__PROVIDED INFORMATION__.
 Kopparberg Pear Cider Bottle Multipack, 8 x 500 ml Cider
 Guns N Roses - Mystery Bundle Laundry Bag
==
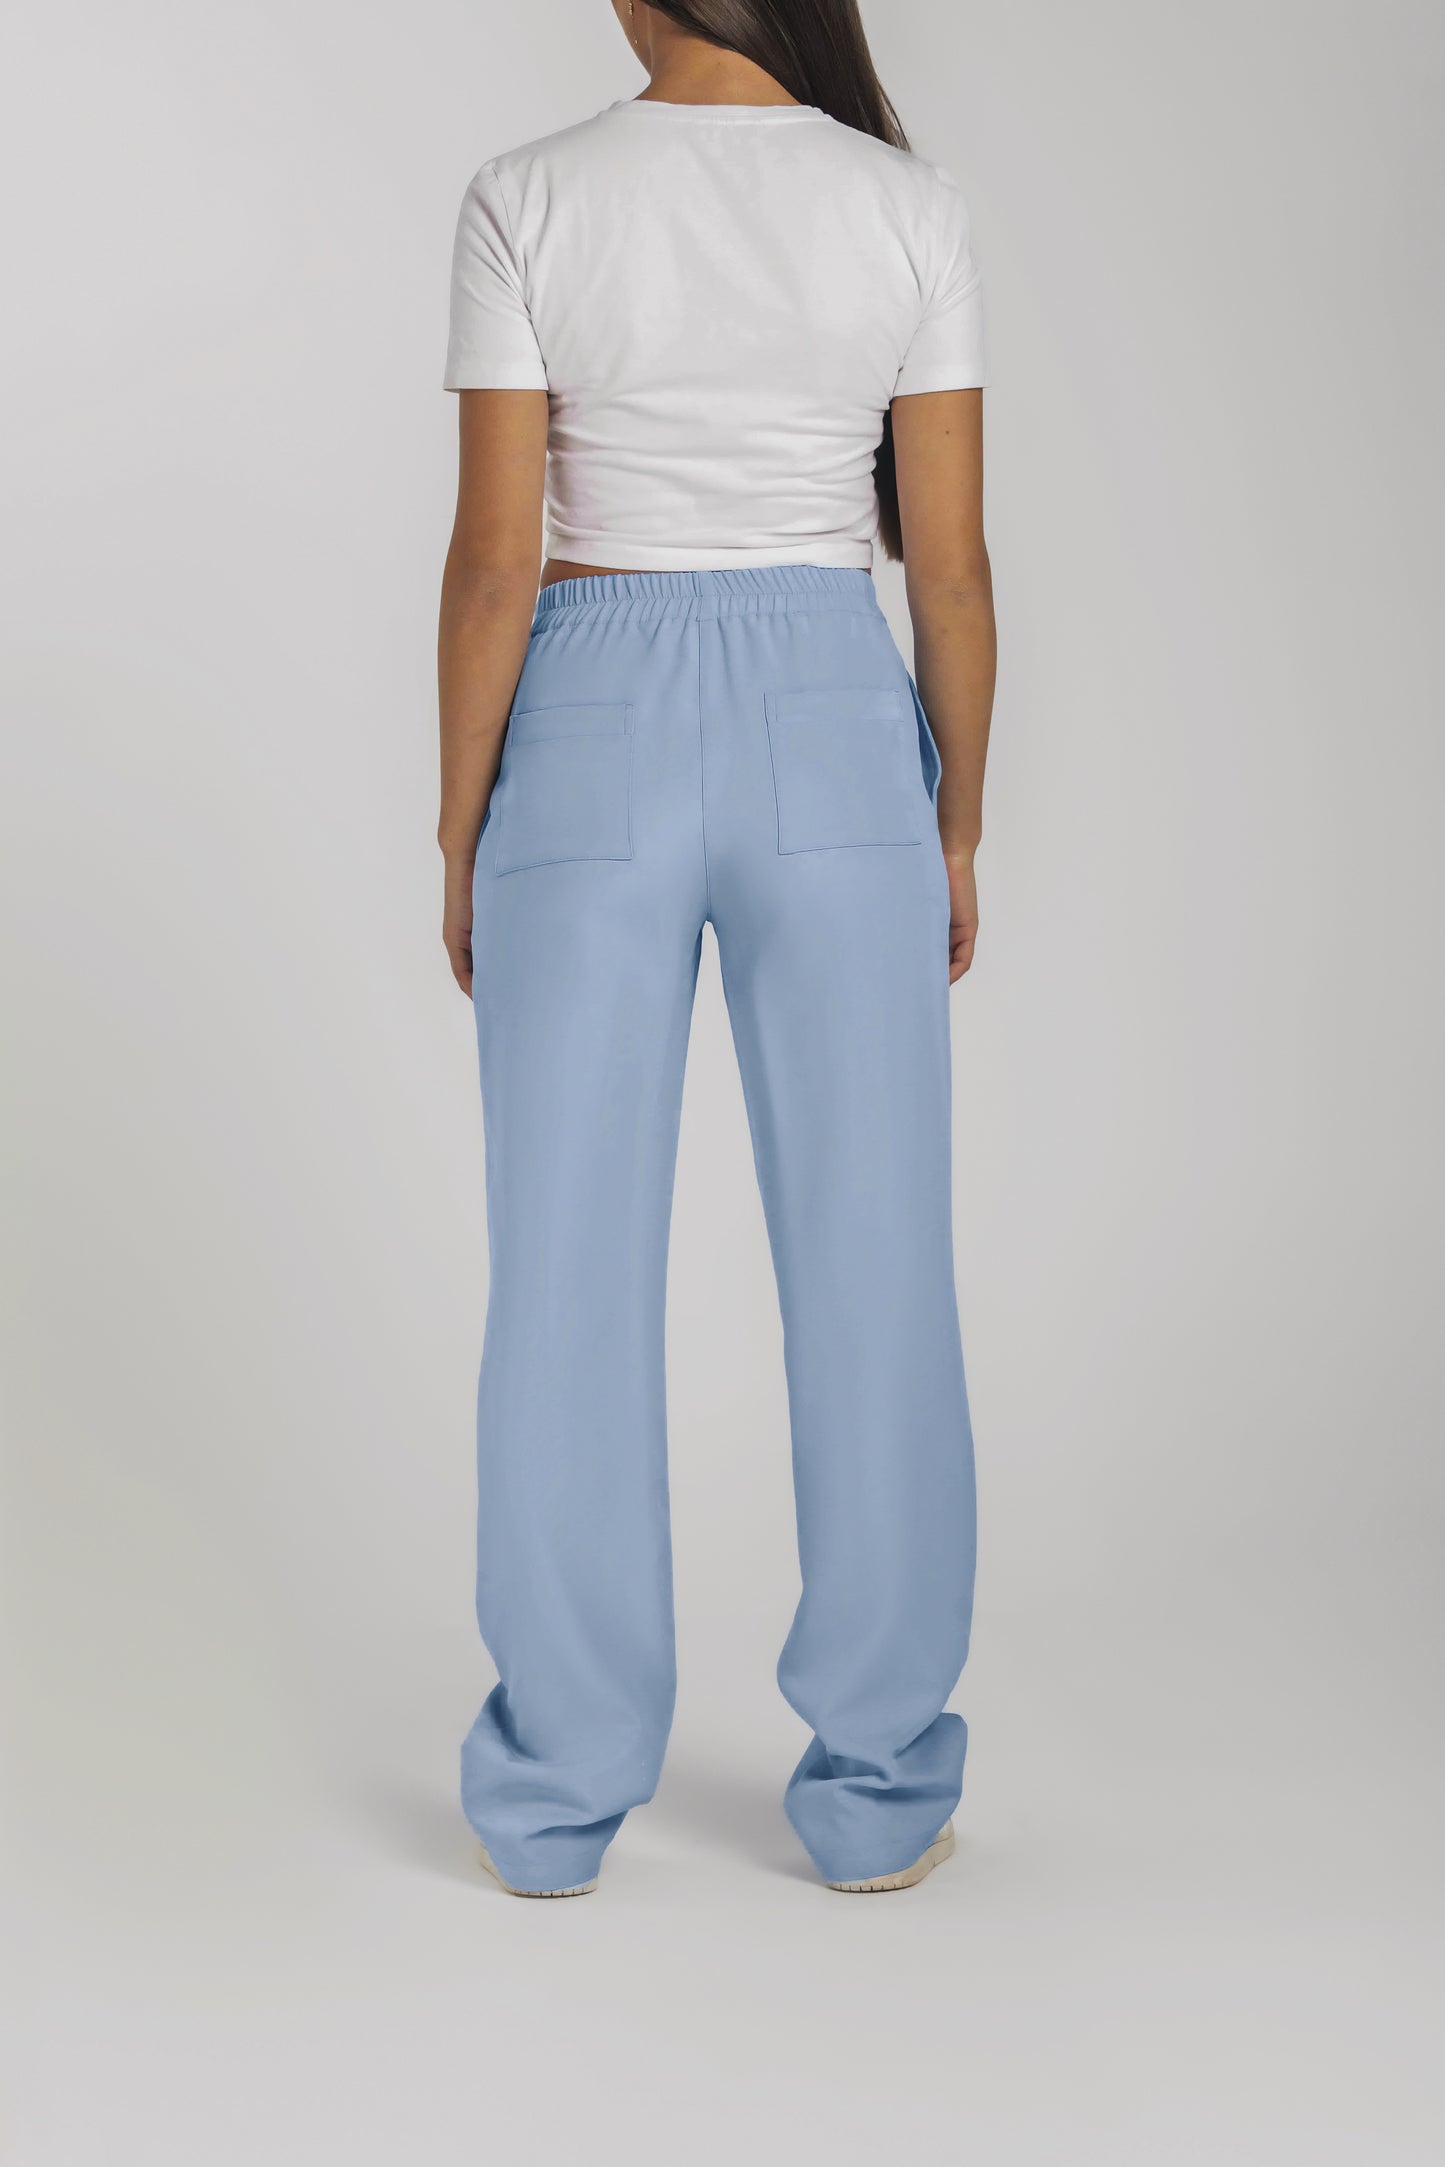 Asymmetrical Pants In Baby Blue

__WORK INSTRUCTION__.
Taking the line with "Kopparberg Pear Cider" as the first and the line with "Guns N Roses - Mystery Bundle Laundry Bag" as the last, retype that stretch of the data above exactly, with no other lines.

__REPLY__.
 Kopparberg Pear Cider Bottle Multipack, 8 x 500 ml Cider
 Guns N Roses - Mystery Bundle Laundry Bag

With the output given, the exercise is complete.